Newman & Ors v Brisbane City Council
[2010] QPEC 81
•02/09/2010
[2010] QPEC 81
PLANNING AND ENVIRONMENT COURT
JUDGE ROBIN QC
P & E Appeal No 2324 of 2010
| PETER NEWMAN & ORS | Appellant |
| and | |
| BRISBANE CITY COUNCIL & ORS | Respondent |
BRISBANE
..DATE 02/09/2010
ORDER
CATCHWORDS
Consideration of appropriate directions in submitter appeal against approval of a "commercial" building with two street frontages, one to "residential" street - competing timetable proposed - developer opposes delay - appellant sought excessive times for disclosure
HIS HONOUR: Order as per initialled draft.
...
HIS HONOUR: This is a submitter appeal against the Council's approval of a development application made by the co-respondent Royal Australasian College of Surgeons. The College which wants to replace its existing premises which have frontages to Water Street and Union Street in the Valley/Spring Hill area of Brisbane with a newer, larger building for its customary, administrative and educational activities.
The proposal is unwelcome from the point of view of local people who at present are in two categories, four of them self‑represented as appellants and one, Mr Steendijk, self‑represented as a co-respondent by election. It remains to be seen whether common representation will ensue; there may be some tactical advantages for the submitters who have joined in the appeal in the separation.
The court would expect the appellants to present a united front and act through a single legal representative or a single one of them. Although all have attended today, it would not be expected that all would necessarily attend on future occasions. What is required is that one be here.
The spokesman today has been Mr Newman who has drawn the court's attention to a number of matters. One led to the court indicating willingness to extend time for the council's filing of its entry of appearance. It occurs to me it might be sensible to add paragraph 18 to the draft order which the court has initialled in the following terms: “extend to today time for filing of the respondent's entry of appearance." The document was apparently filed a couple of days late, yesterday; it has not yet reached the file.
The appellants themselves have been late in some notifications of the appeal. It is not necessary in the circumstances to make any order about that.
Mr Newman observed that Mr Houston for the appellant described the address of the premises as 50 Water Street, The Valley, to which there is a frontage. He is of the view that the proper address is 99 Union Street, Spring Hill. Use of that address, in his view, underlines that the proposal involves construction in a residential street.
The point of this I understand to be that development of a commercial appearance may attract undesirable people to the vicinity, such as persons intent on effecting transactions to do with drugs.
This was related to a particular difficulty Mr Newman said he might have in meeting the co-respondents' proposed timetable for disclosure. There are documents he is hoping to obtain from sources such as the police under “freedom of information.
I have explained to him that disclosure obligations apply to documents that a party presently has in possession or available.

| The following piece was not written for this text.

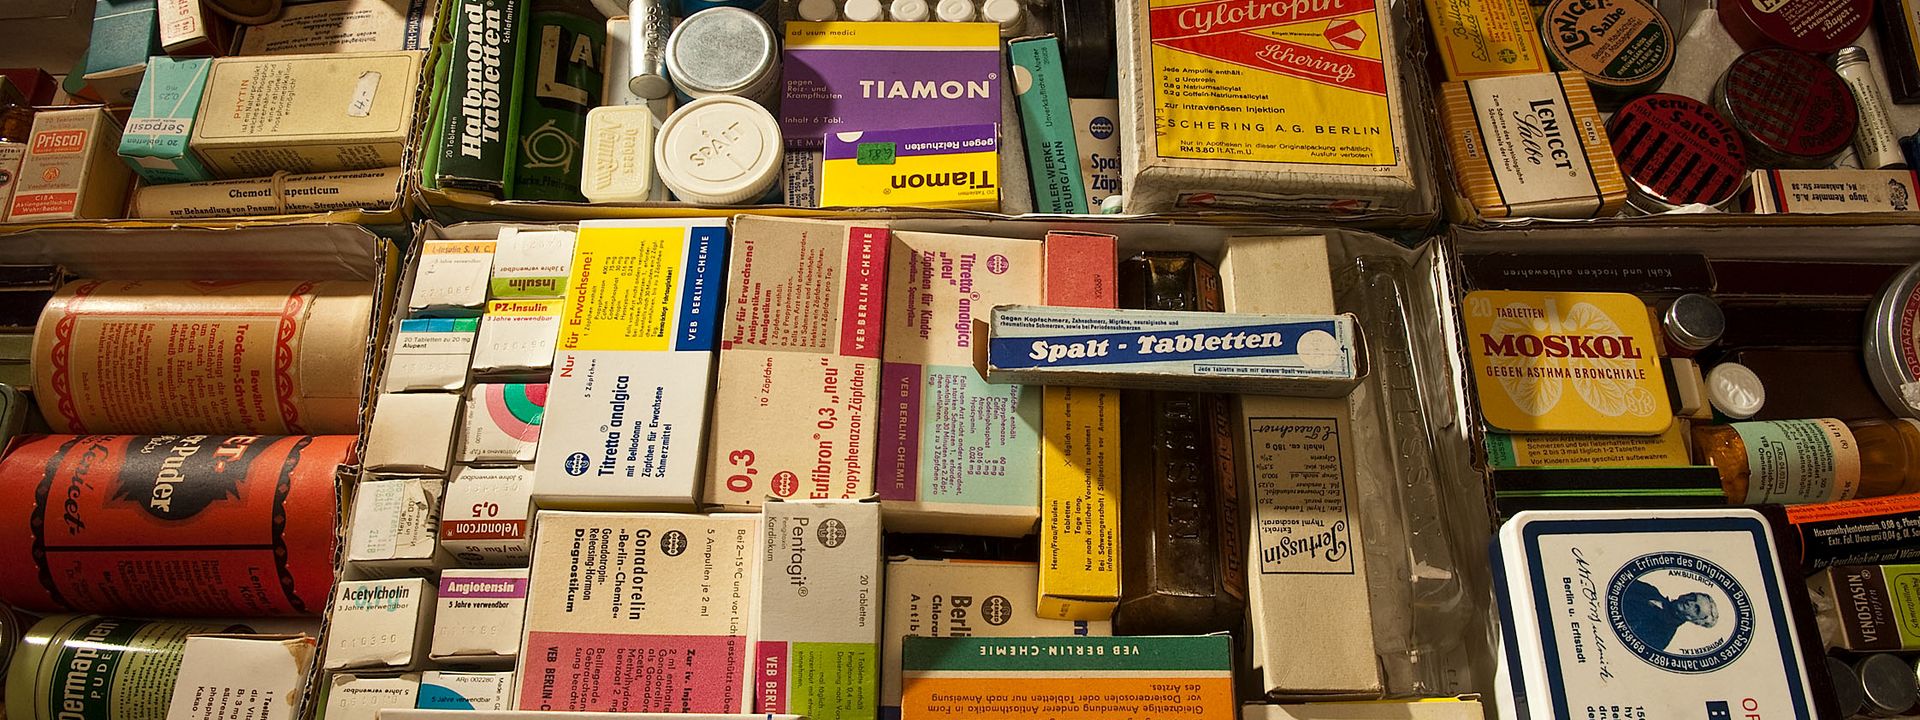 Historische Medikamentenschachteln, Röllchen und Dosen liegen dicht an dicht. Es sind bekannte Marken des alltäglichen Gebrauchs von Kopfschmerz- und Magenmitteln dabei.

So there need not be delay while additional documents are gathered - or even produced (which might apply to photographs Mr Newman says he has in mind to have taken). I have explained to him the necessity to keep disclosure up to date and supplement it as new documents become available.
The broad disagreement today between the adverse submitters and the co-respondent developer. in which the Council is neutral, concerns timetabling. The co-respondent seeks a hearing in February, the others a hearing in April.
Ordinarily, the court is sympathetic to a developer whose development approval is challenged and its coming into effect thereby delayed. The effect of a pending appeal is to impose delay on the developer and, presumably, attendant costs.
Mr Houston has told the court that his client is operating in constrained circumstances in its present building. It is not as though its activities are precluded completely.
I have carefully considered the competing timetables and found very helpful the schedule Mr Houston prepared to show where the parties differ. I gave him leave to read and file that.
The submitter parties are unlikely to face a task needing much time in disclosure on the other hand, notwithstanding the sophistication Mr Houston points to in Mr Newman’s 23 page submission, I think that lay submitters are entitled to the generous times sought for grounds of appeal if those are requested.
My view that a March hearing ought to be worked for is not entirely temporising. It is consistent with my view that the times Mr Newman was seeking for making disclosure and then for producing copies of documents disclosed for each of which steps he suggested 10 business days were requisite are not justifiable.
Generally speaking, I sympathise with the notion that a February hearing date might be unrealistic or, perhaps more correctly, difficult for all of the parties to meet. I think it is notorious that it is difficult to achieve things in the December/January period in Brisbane. Not only are the submitter parties busy people with responsibilities in their private lives, they are likely to find difficulties in the holiday period gaining assistance of professional people or even access to potential lay witnesses who could well be away.